- Required work:
Keep every word of the listing and reproduce it exactly, but set aside any image found there.

(Data extract)

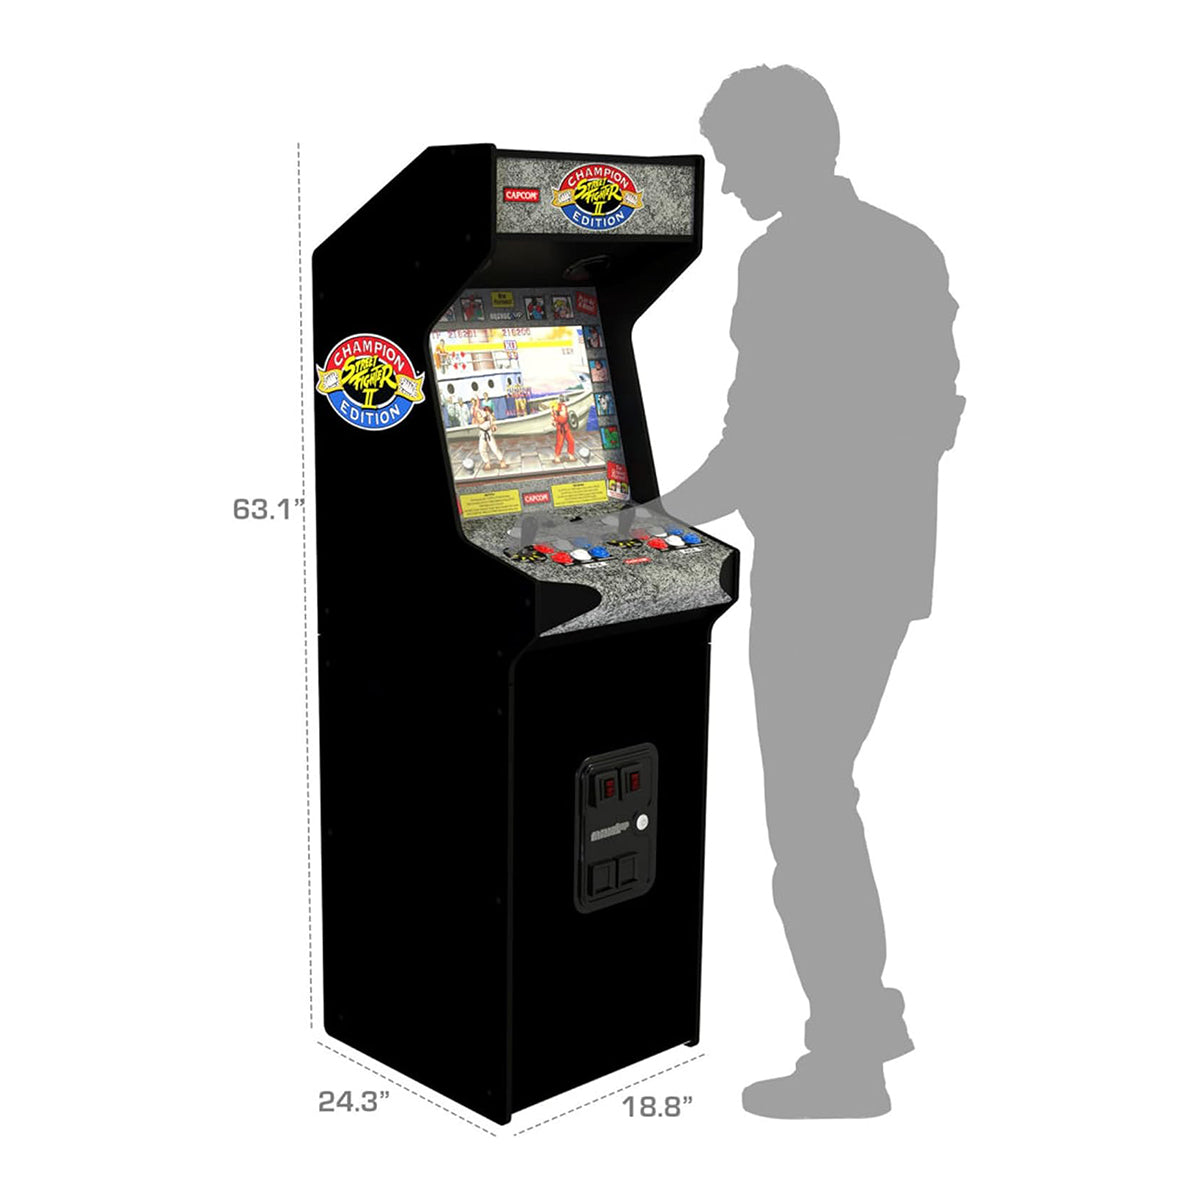 Arcade 1Up Street Fighter Deluxe Arcade Riserless
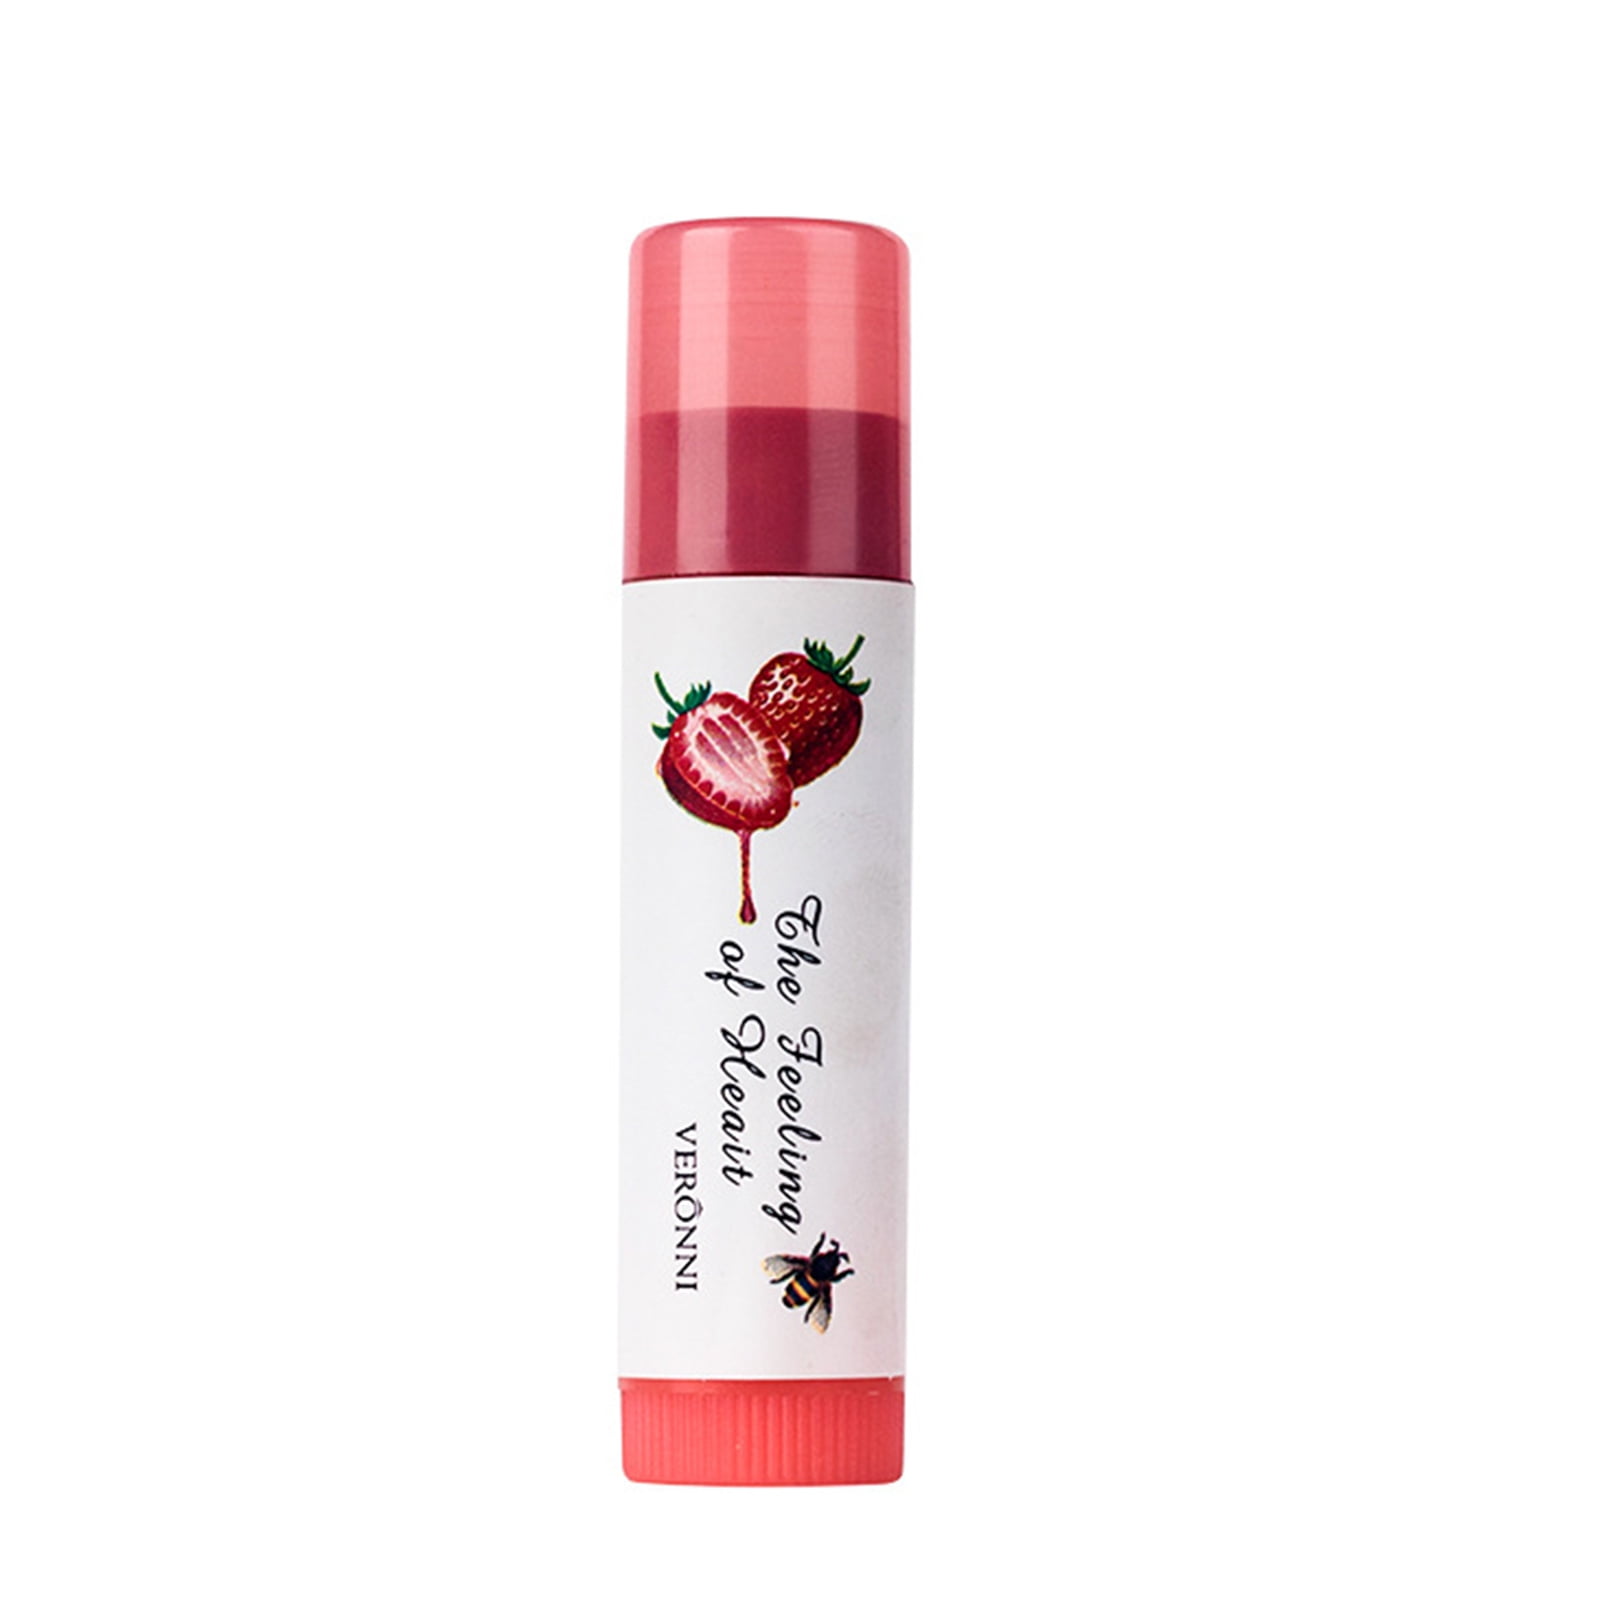 SSBSM 3.5g Lip Stick Hydrating Moisturizing Temperature Change Fruit Flavor  Lip Care Makeup Non-irritating Watery Lip Gloss Balm Lady Women Fashion
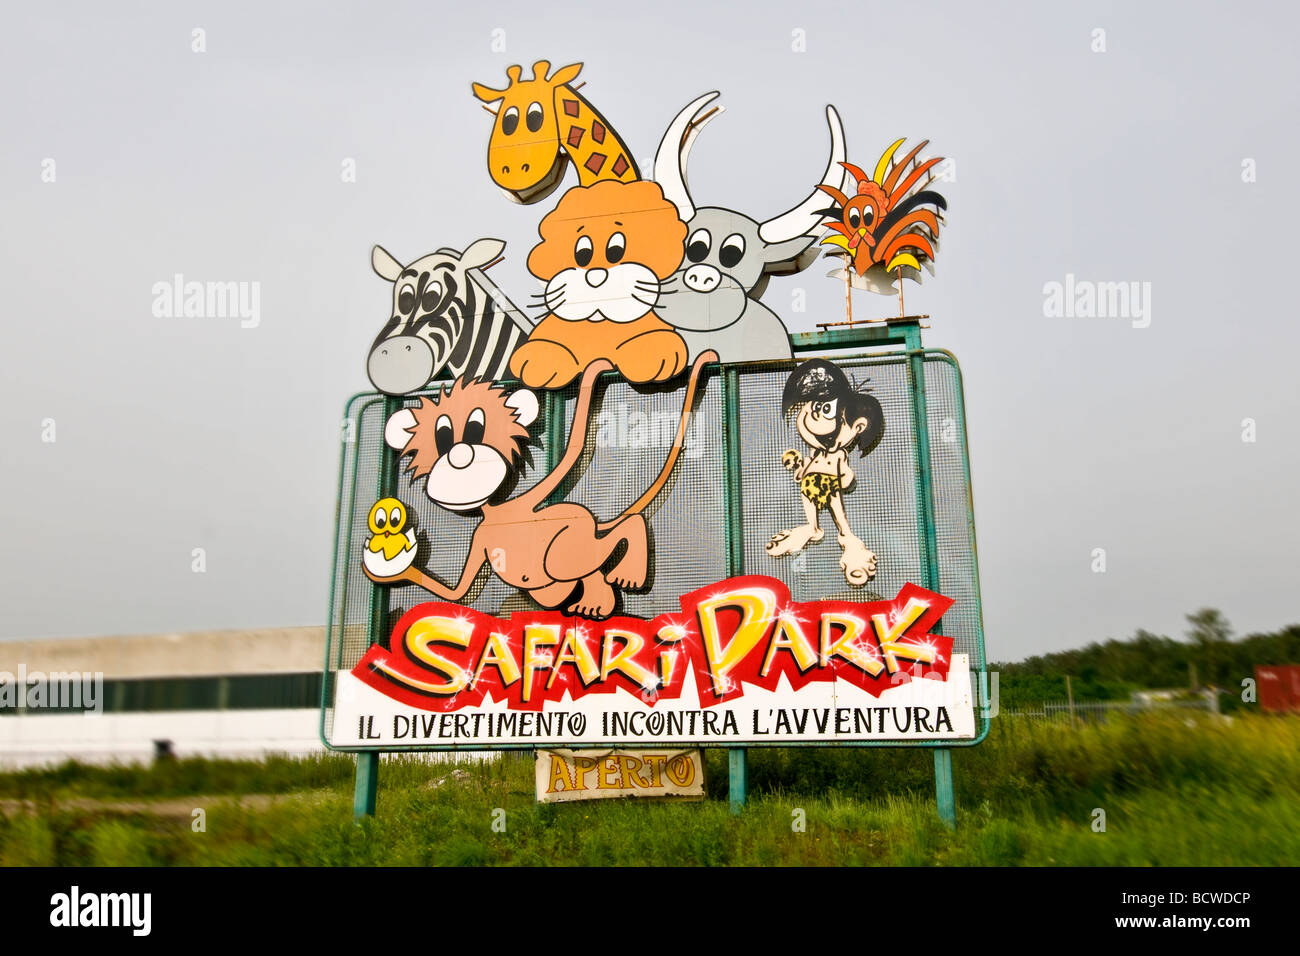 zoo safari provincia di novara
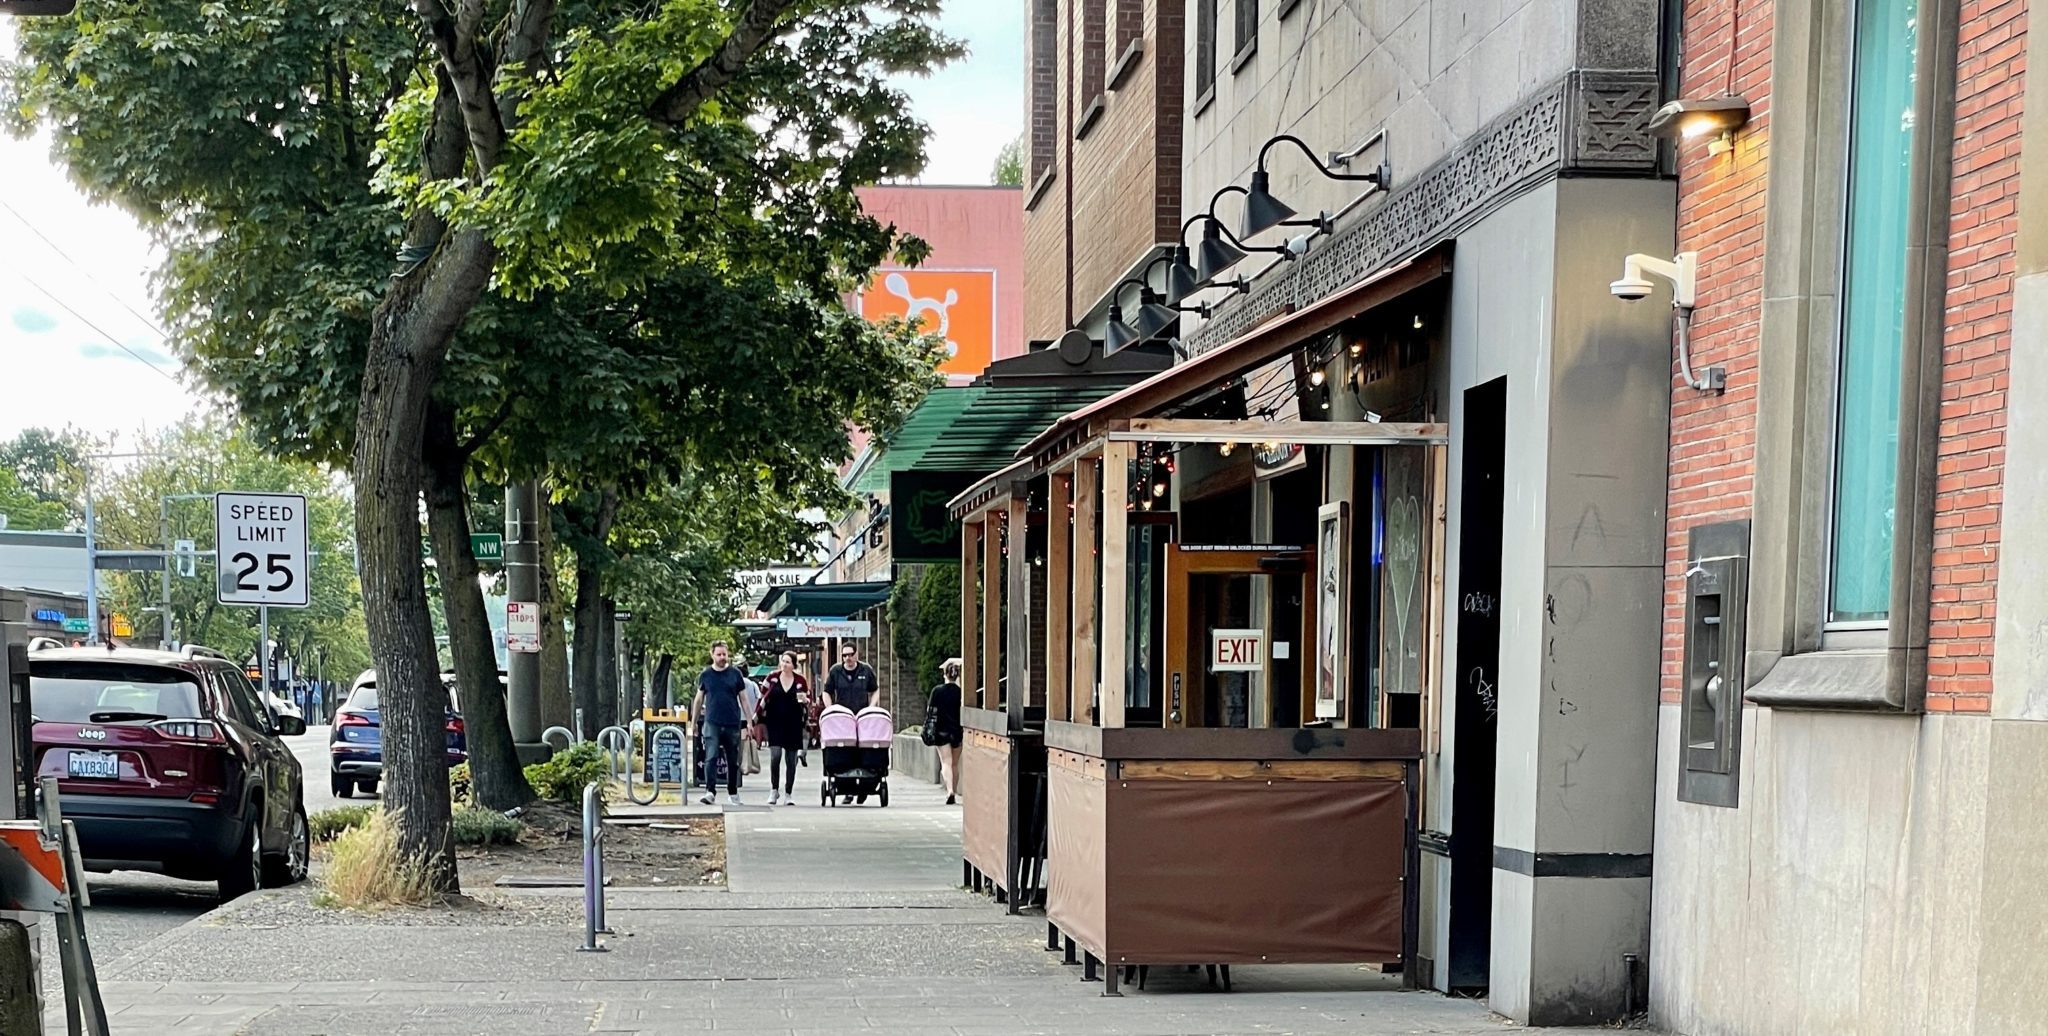 Street trees and a street café on NW Market St in Ballard.

(End Data extract)

- Answer to this exercise:
 Arcade 1Up Street Fighter Deluxe Arcade Riserless
 SSBSM 3.5g Lip Stick Hydrating Moisturizing Temperature Change Fruit Flavor  Lip Care Makeup Non-irritating Watery Lip Gloss Balm Lady Women Fashion
 zoo safari provincia di novara
 Street trees and a street café on NW Market St in Ballard.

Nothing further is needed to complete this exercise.